IS5 - Data warehousing
90 hp Computer and Systems Sciences with at least:
- 7,5 hp database
Data Warehouses are systems used for reporting and data analysis, and they are considered as a core component of business intelligence. This course will help you to design and implement data warehouses. You will learn different techniques and principles based on which you can design an effective and efficient data warehouse. In addition, you will experience the full data warehouse life-cycle by implementing a system according to latest advances in this area.
The general goal with this course is to familiarize the students with a special kind of information systems called Data Warehouses – their role, utilization and benefits for organisations, as well as architectures and underlying technologies relevant for their development.
After taking this course the student should have achieved the following objectives:
- Is able to account for central terminology in the area, (in particular the terminology introduced by Ralph Kimball in the course literature, e.g. multidimensional model, star join schema, fact table, degenerate dimension, ETL, hierarchy, business intelligence, bitmap indexing, OLAP). Is able to explain how a data warehouse functions and how it differs from a traditional OLTP database. Is able to specify ETL processes and multi-dimensional expressions, i.e. MDX, as well as account for the functionality of back- and front-end tools;
- Is able to apply the dimensional modelling techniques presented in the course literature and from a textual domain description produce and document dimensional models for a data warehouse. Be able to apply the strategies for physical data warehouse design presented in the course literature;
- Can, from given sources, produce models and routines for data transfer into a data warehouse and practically apply these in a specific tool for populating a warehouse. Can use a given ETL system to extract data from different files and load it into relational tables. Is able to deal with history in continuous ETL processes;
- Is able to implement dimensional models in a given system, populate these models with data, and use a front-end tool for extracting, calculating and analyzing the data present in a data warehouse;
- Is able to implement theories and techniques for data warehousing presented in given research literature in the area.

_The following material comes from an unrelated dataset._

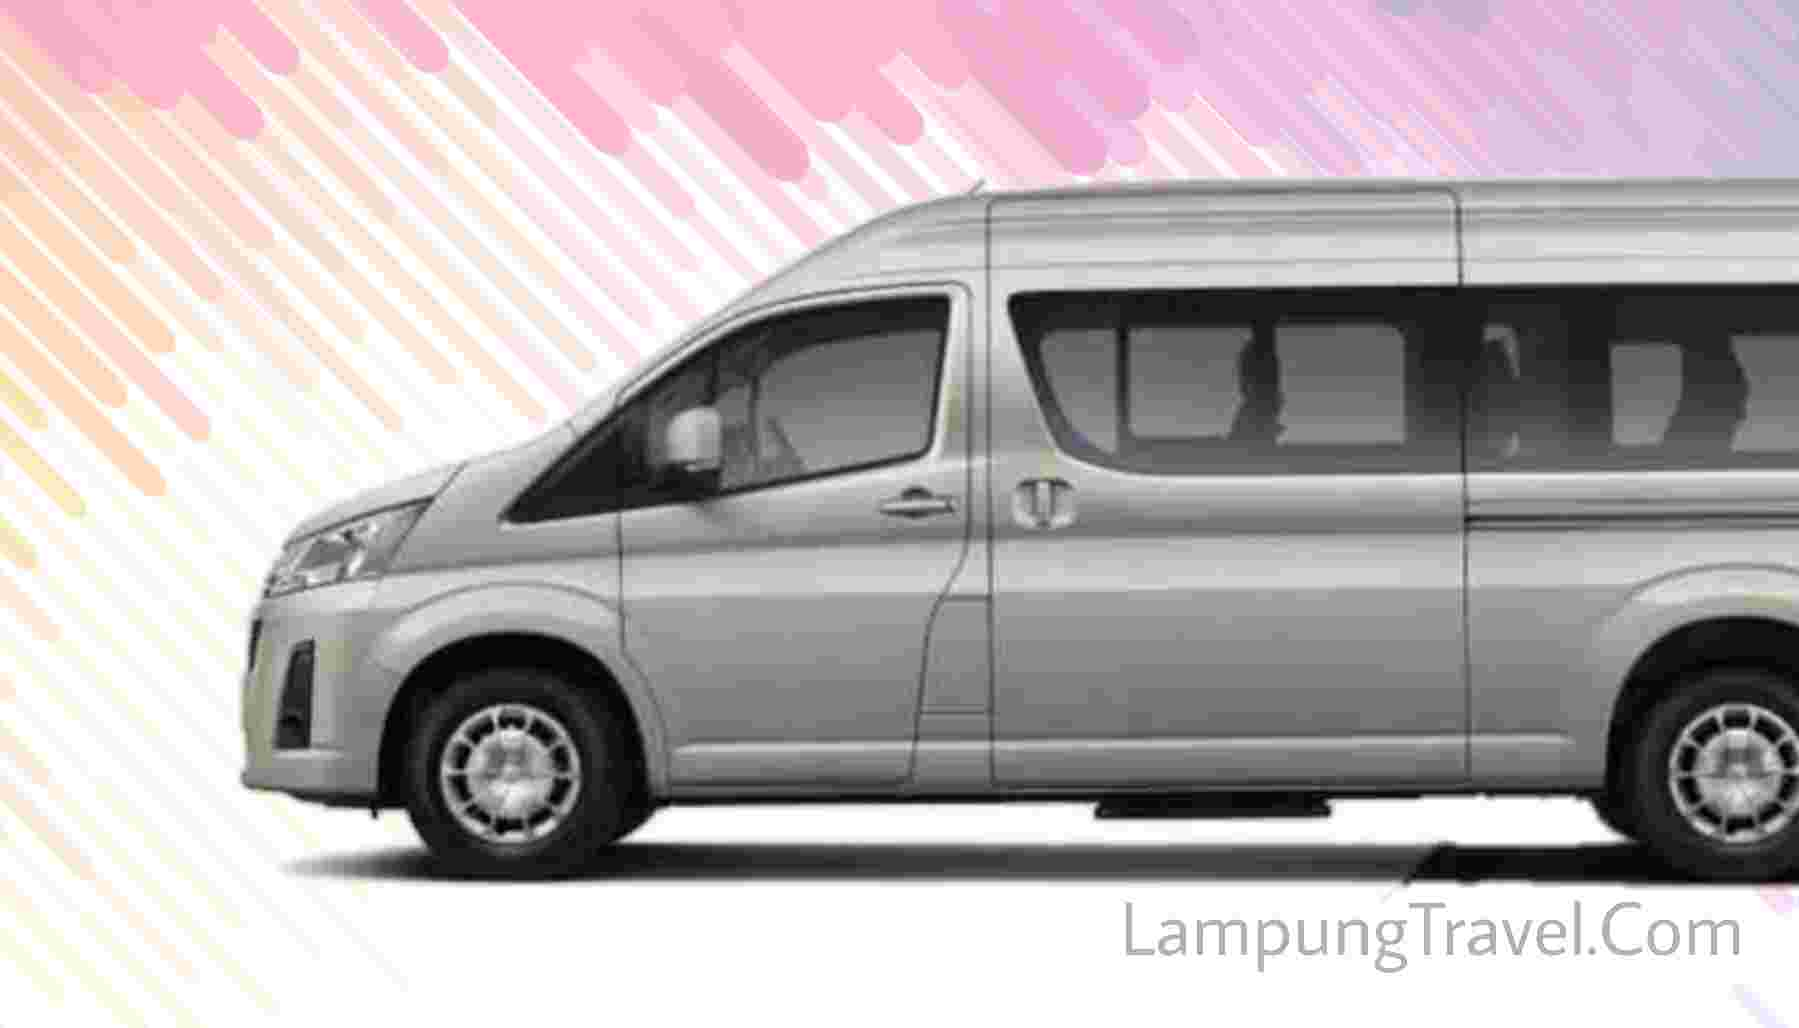 Agen Travel Jati Waringin Pringsewu Metro Lampung

The course contains the following parts:
- Information requirements and information modeling relevant for enterprise management level
- History, state-of-the-art, trends for data warehouse
- Multidimensional modeling as a practical method for Data Warehouse design
- Physical design, indexing techniques and the use of aggregate tables
- The ETL process (Extract-Transform-Load)
- Project management and lifecycle during the development and the maintenance of a Data Warehouse
- Decision support systems and business intelligence (BI)

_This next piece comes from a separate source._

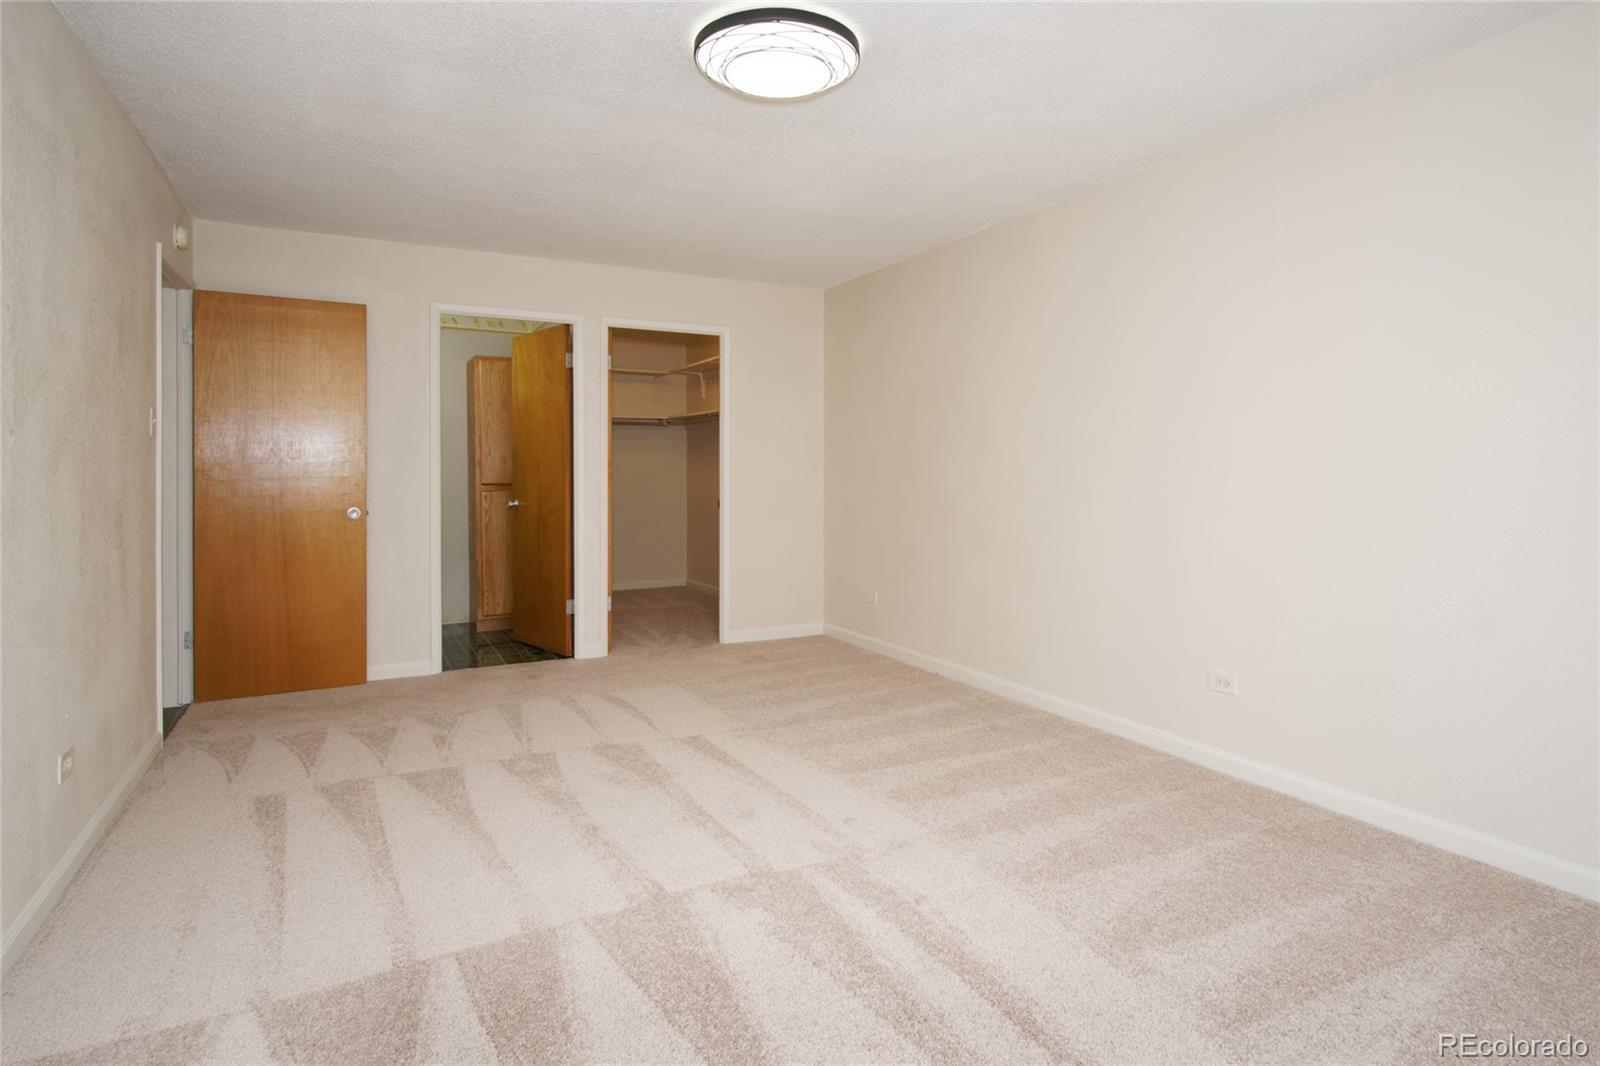 MLS# 3287239 - 24 - 610 S Alton Way #3A, Denver, CO 80247

The course is though in a traditional way. It contains a number of lectures, lessons, seminars and tutorials. Course schedule with the different activities is provided in Daisy. Students have to do self studies (i.e. read the course literature) and carry out a number of practical assignments. The assignments are completed in groups. The lectures and lessons introduce the students to the theory needed for the completion of the assignments. Tutorials are offered to students working with the assignments. The assignments are reported and discussed during seminars or meetings.
Note that this is not a distance course; hence students are strongly recommended to participate in the activities offered during the course.